Complete step-by-step answer:
Given data,
Radius of circle = 4 cm
BD = 8 cm and DC = 6 cm

Let us make a figure which represents the data given in the question,

Let the center of the circle be O touching the sides of the triangle AB abs AC at E and F respectively. And let the length of the side AE be x cm.
Now we know the length of tangents from a single point to the circle are always equal.
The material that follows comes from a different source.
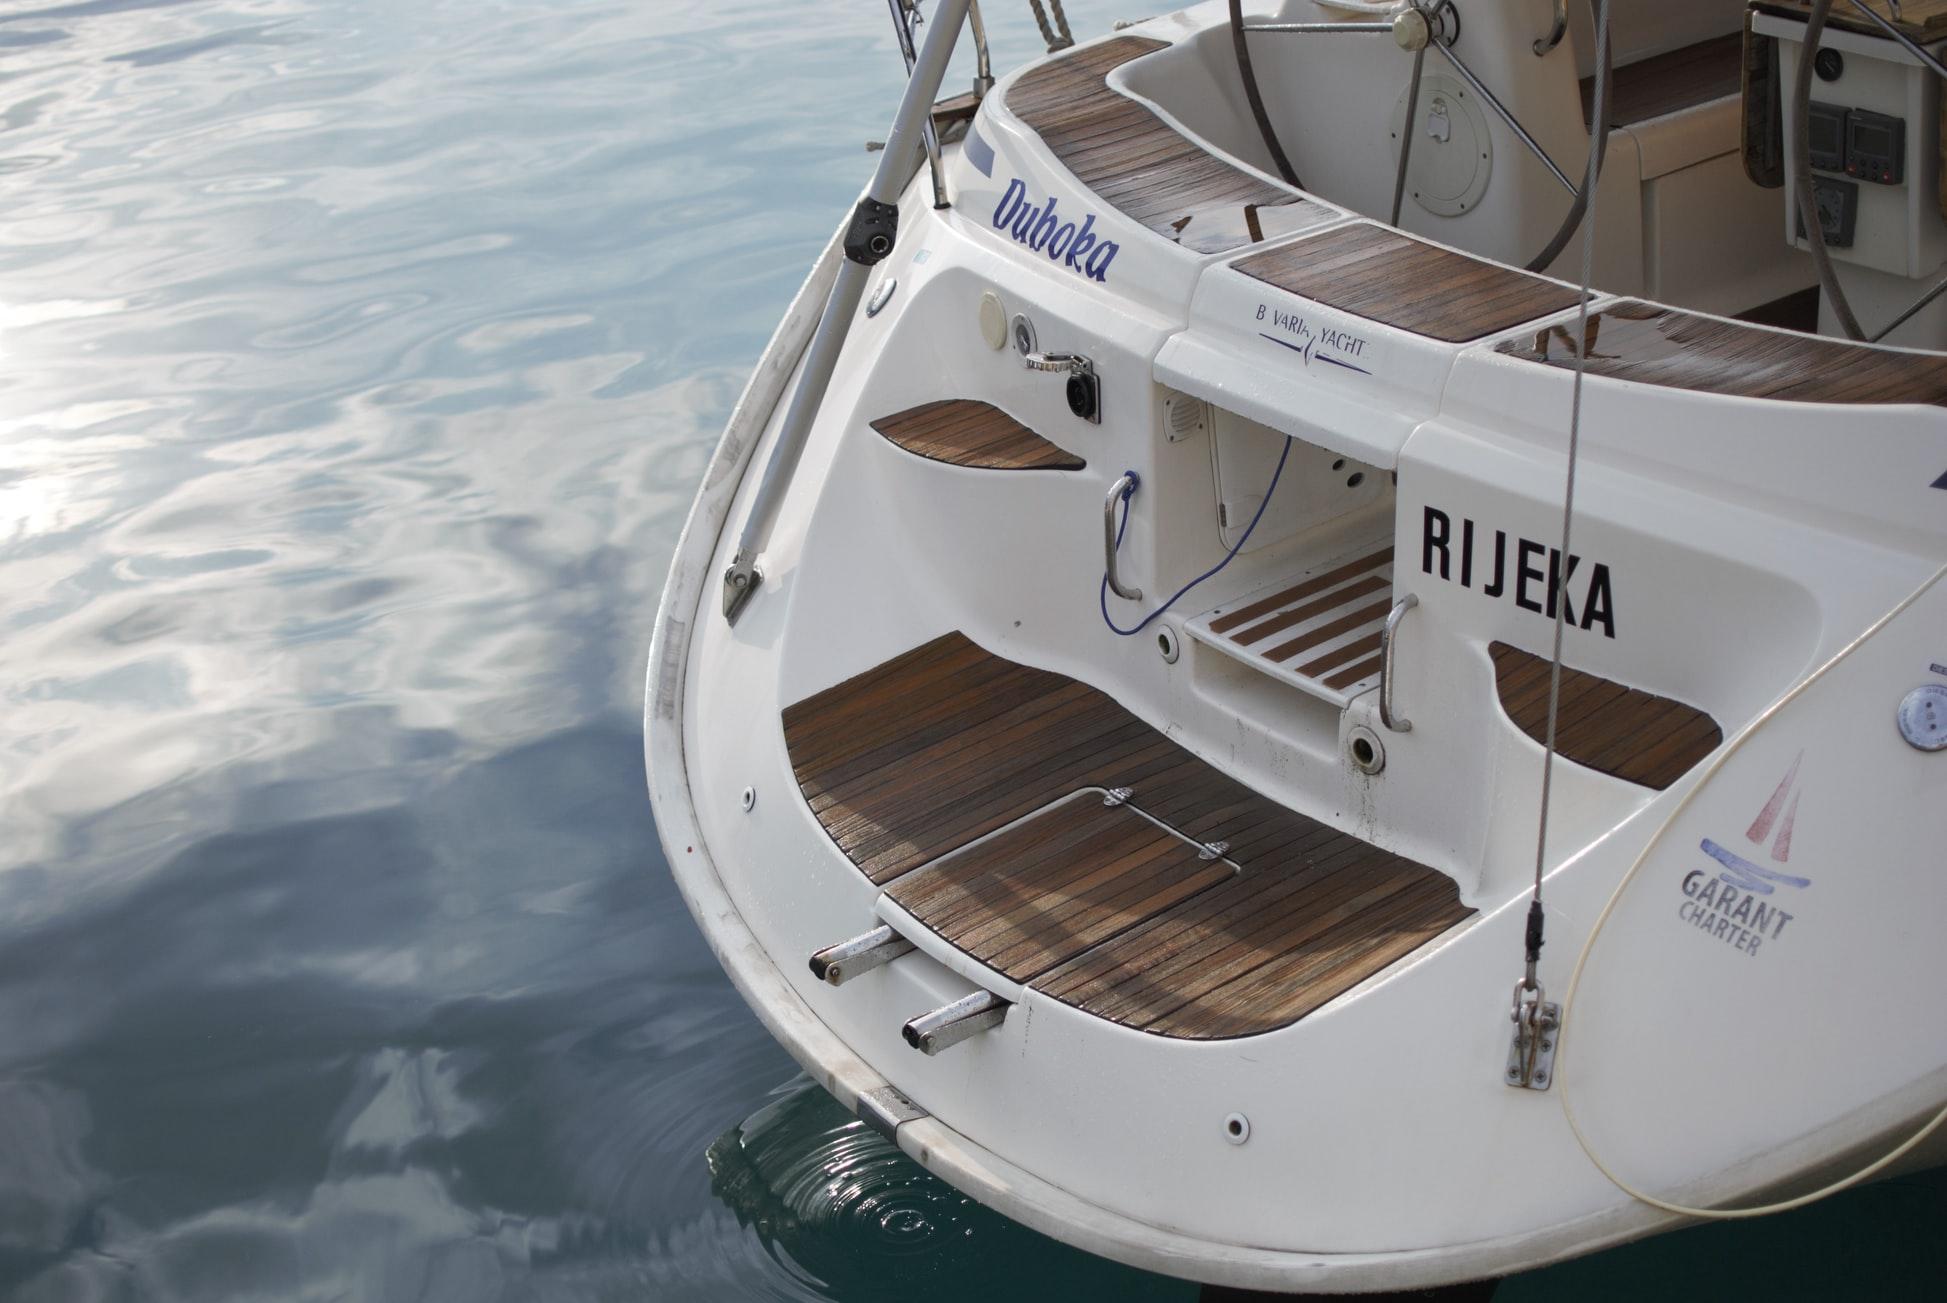 GripKote for boat decks
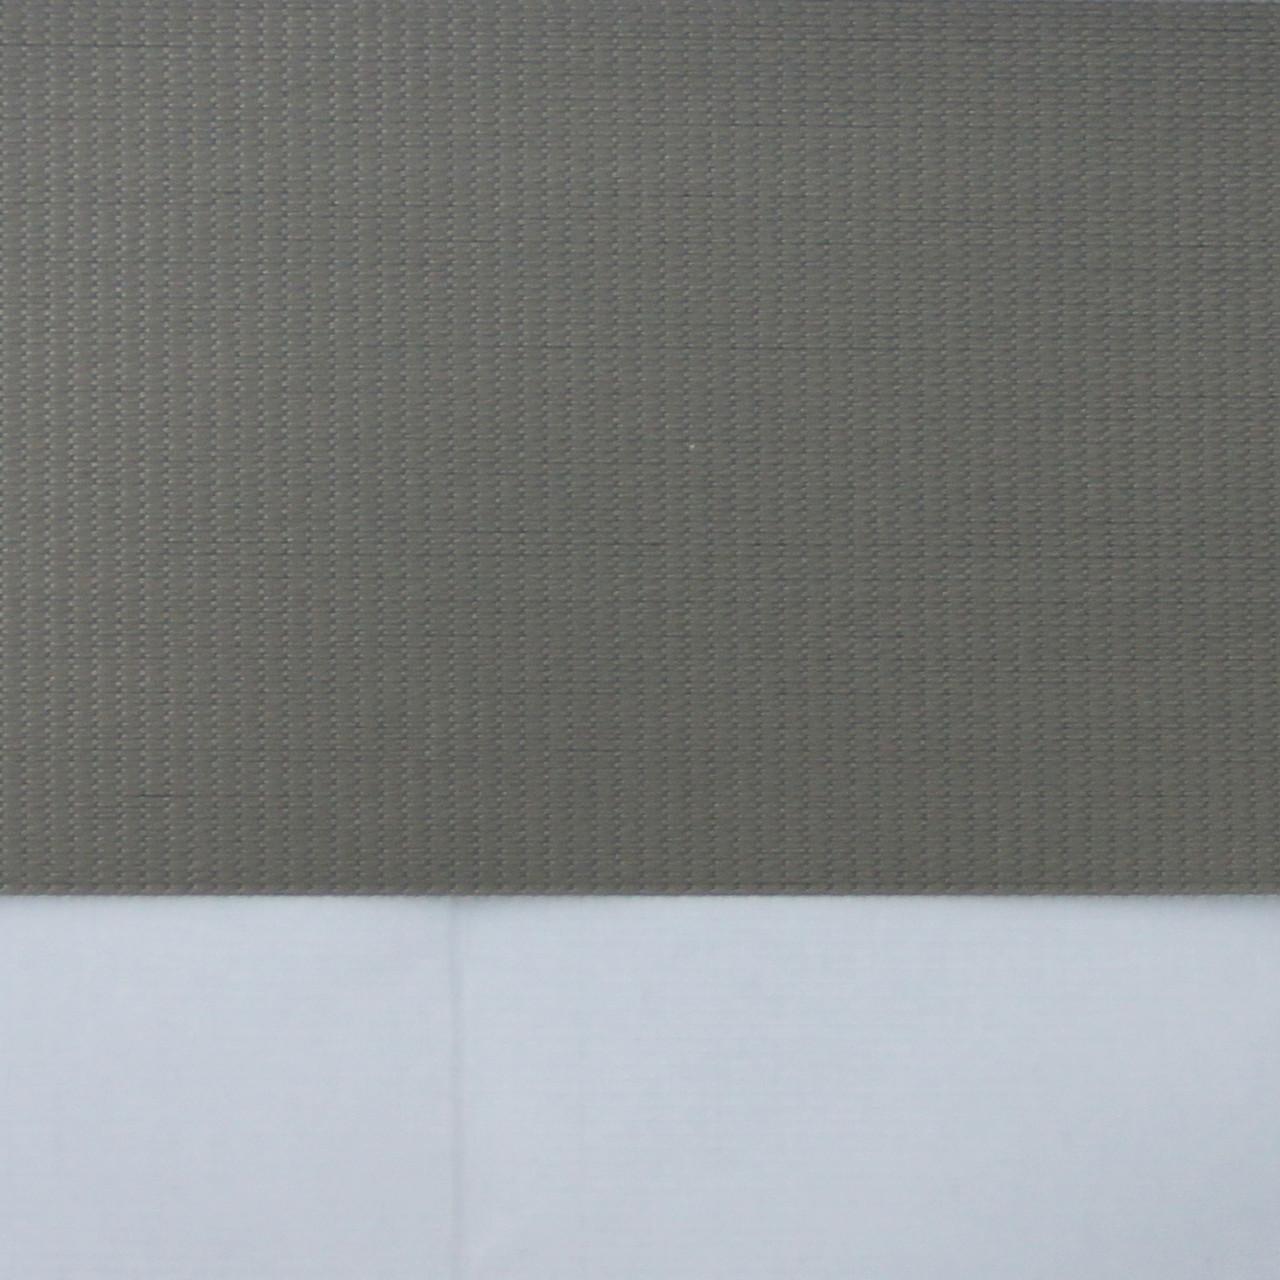 Рулонные шторы День-ночь Ткань Полюс блэкаут Мускат

Therefore from the figure, there are two tangents each coming from point A, B and C respectively. I.e.,
CD = CF = 6 cm
BD = BE = 8 cm
AE = AF = x cm

Now the sides of the triangle,
AB = AE + EB = x + 8 cm
BC = BD + DC = 8 + 6 = 14 cm
CA = CF + FA = 6 + x cm

Now we know the semi perimeter of a triangle is given by the formula,
Semi perimeter, $ {\text{s = }}\dfrac{{{\text{a + b + c}}}}{2} $ , where a, b and c are the sides of the triangle AB, BC and AC respectively.
 $
   \Rightarrow {\text{s = }}\dfrac{{{\text{AB + BC + AC}}}}{2} \\
   \Rightarrow {\text{s = }}\dfrac{{\left( {{\text{x + 8}}} \right){\text{ + 14 + }}\left( {{\text{x}} + 6} \right)}}{2} \\
   \Rightarrow {\text{s = x + 14 cm}} \\
 $

Now the formula of area of the triangle in terms of the semi perimeter is given by
Area of the ∆ ABC = $ \sqrt {{\text{s}}\left( {{\text{s - a}}} \right)\left( {{\text{s - b}}} \right)\left( {{\text{s - c}}} \right)} $
 $
   \Rightarrow \sqrt {\left( {14{\text{ + x}}} \right)\left( {14{\text{ + x - x - 8}}} \right)\left( {14{\text{ + x - 14}}} \right)\left( {14{\text{ + x - x - 6}}} \right)} \\
   \Rightarrow \sqrt {\left( {14{\text{ + x}}} \right)\left( {\text{x}} \right)\left( 8 \right)\left( {\text{6}} \right)} \\
   \Rightarrow 4\sqrt {{\text{3x}}\left( {14{\text{ + x}}} \right)} \\
 $
Area of the ∆ ABC = $ 4\sqrt {{\text{3x}}\left( {14{\text{ + x}}} \right)} $ sq cm
Now from the figure we can say,
Area of the ∆ ABC = Area of the ∆ OAC + Area of the ∆ OBC + Area of the ∆ OAB

We know the area of a triangle is given by, A = $ \dfrac{1}{2} \times {\text{b}} \times {\text{h}} $
From the figure,
Given radius of circle is 4 cm, hence OF = OD = OE = 4 cm
Area of the ∆ OAC,
= $ \dfrac{1}{2} \times {\text{OF}} \times {\text{AC}} $
= $ \dfrac{1}{2} \times 4 \times \left( {6{\text{ + x}}} \right) $
= 12 + 2x sq cm

Area of the ∆ OBC,
= $ \dfrac{1}{2} \times {\text{OD}} \times {\text{BC}} $
= $ \dfrac{1}{2} \times 4 \times 14 $
= 28 sq cm

Area of the ∆ OAB,
= $ \dfrac{1}{2} \times {\text{OE}} \times {\text{AB}} $
= $ \dfrac{1}{2} \times 4 \times \left( {{\text{8 + x}}} \right) $
= 16 + 2x sq cm

Now Area of the ∆ ABC = Area of the ∆ OAC + Area of the ∆ OBC + Area of the ∆ OAB
⟹ $ 4\sqrt {{\text{3x}}\left( {14{\text{ + x}}} \right)} $ = 16 + 2x + 12 + 2x + 28
⟹ $ \sqrt {{\text{3x}}\left( {14{\text{ + x}}} \right)} $ = 14 + x
Squaring on both sides we get,
\[
   \Rightarrow {\text{3x}}\left( {14{\text{ + x}}} \right) = {\left( {14{\text{ + x}}} \right)^2} \\
   \Rightarrow {\text{3x = 14 + x - - - - - }}\left( {14{\text{ + x = 0}} \Rightarrow {\text{x = - 14 is not possble}}} \right) \\
   \Rightarrow 3{\text{x - x = 14}} \\
   \Rightarrow {\text{x = 7 cm}} \\
\]

Therefore the lengths of the sides AB and AC are,
AB = x + 8 = 7 + 8 = 15 cm
AC = 6 + x = 6 + 7 = 13 cm

Option B is the correct answer.

Note: In order to solve this type of questions the key is to express the area of the triangle ABC in terms of smaller triangles formed with respect to the center of the circle O. This helps us in forming a relation between the variable x, which when solved gave us the answer.Having a good knowledge of the formulae of area of a triangle, semi perimeter and area of the triangle in terms of its semi perimeter is essential.Area is always expressed in square units.